The Design4Health conference is on this week bringing together designers from different fields together with health policy, practice and research professionals. While the focus is on the relationship between design and health, it is also inspiring thoughts of how health itself is designed.
This week the first Design4Health conference is being held in Sheffield, UK. The conference attendees includes designers looking at interactions, service, interiors, architecture, fashion, and industrial areas of design. Mixed with is group are physicians, physiotherapists, psychologists sociologists, health promotion practitioners, artists, and policy researchers. This mix represents much of what makes the design and health intersection so exciting, but also the (somewhat) predictable “Tower of Babel” with many disciplines working to be understood by the others.
The language issues have been relatively minor, but on one level the more complicated area of confusion is not where one might guess (the application of design to health issues), but rather the understanding of health itself relative to design.
To illustrate, much has been presented on the way design has re-fashioned devices for those with some form of physical disability.

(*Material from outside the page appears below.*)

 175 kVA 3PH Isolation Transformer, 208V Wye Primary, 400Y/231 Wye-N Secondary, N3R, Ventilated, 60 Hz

From wheelchair designs that are aesthetically pleasing and light to female portable urinals to address issues of incontinence and the social issues women face trying to relieve themselves in non-toiletted spaces, the products being discussed have shown what some design thinking can do to potentially improve people’s lives. But what if those lives don’t need improvement in the way we think?

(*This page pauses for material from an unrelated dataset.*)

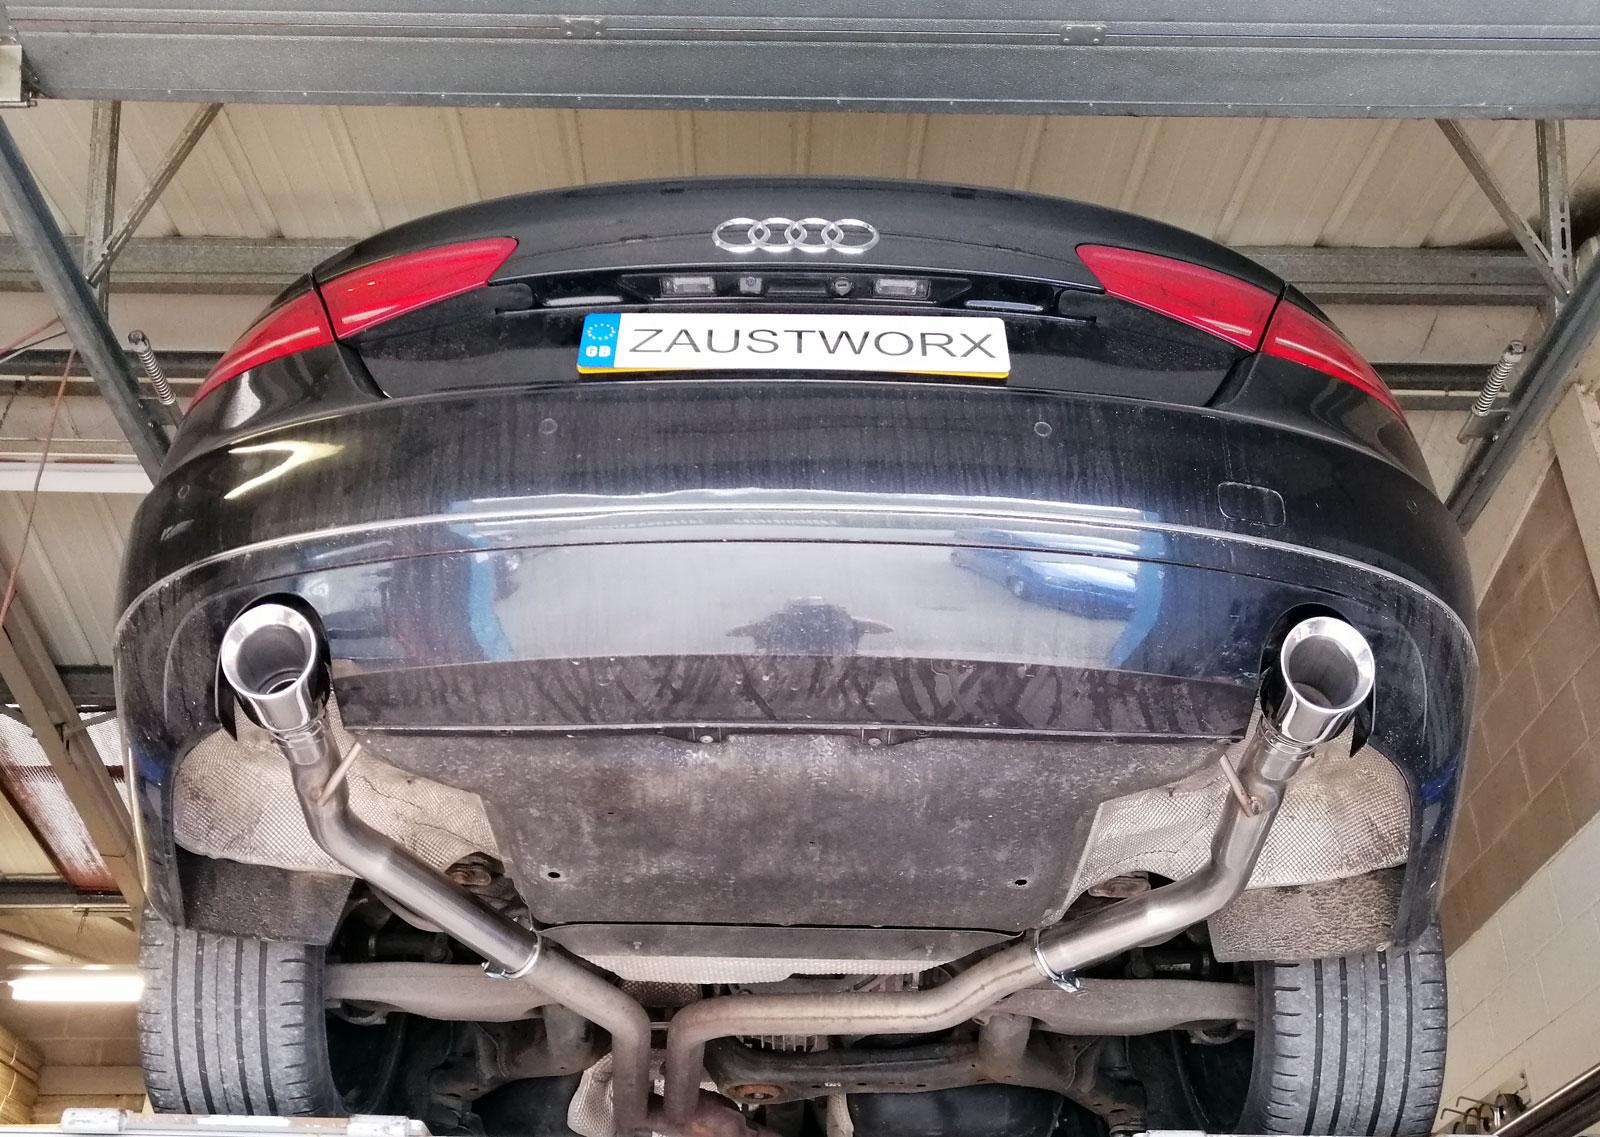 Audi A8 (D4) 3.0 TDi

Consider the language of health in popular use, which focuses on the ability to control conditions and both be free of physical discomfort and mental stress. These are deficit-oriented models that focus on what must be absent or is undesirable, rather than what a person does with their life and their capabilities to act on their values and interests. What if we viewed health differently?

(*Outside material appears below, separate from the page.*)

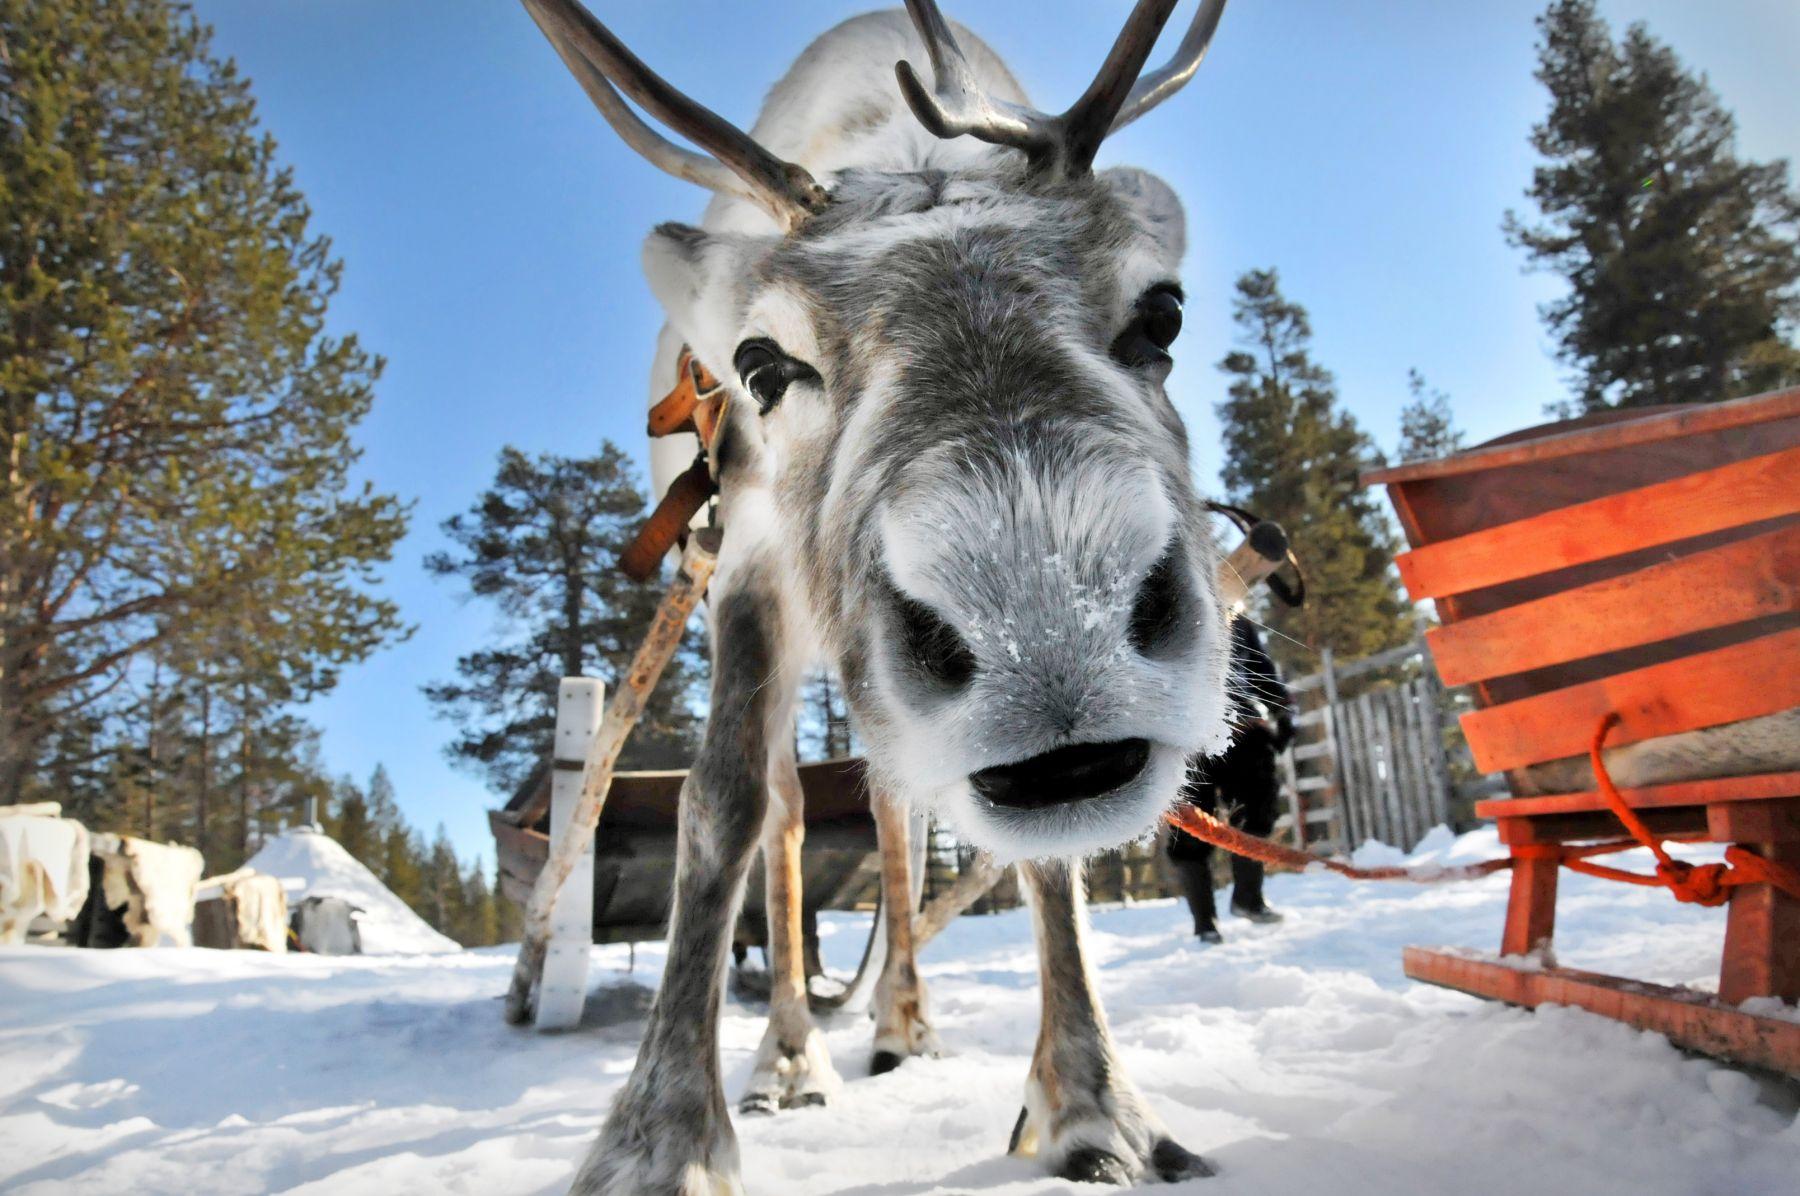 Тур в Лапландию к Санта Клаусу из Минска

Further, what happens to design when we focus it’s talents on alleviating pain and discomfort as defined by some standard that is both ideal and unattainable at the expense of promoting personal wellness as defined by the person living their life? What we’ve not talked about is the idea that someone with a substandard medical device might have creative ways to live a life where the sub-standard product becomes nearly invisible. This is not to suggest that we lower the bar, but it does beg the question why we are so focused on ‘problems’ of a particular perceived nature and not opportunities?
We also seem to be poor at reflecting the diversity in the public and their relationship to their bodies, minds and lives that we embrace in our attendance at our conferences. Just as we come from different disciplines, so too do people’s sense of what is a ‘problem’ and what contribution design has to addressing that problem. This is about designing health, not the design for health.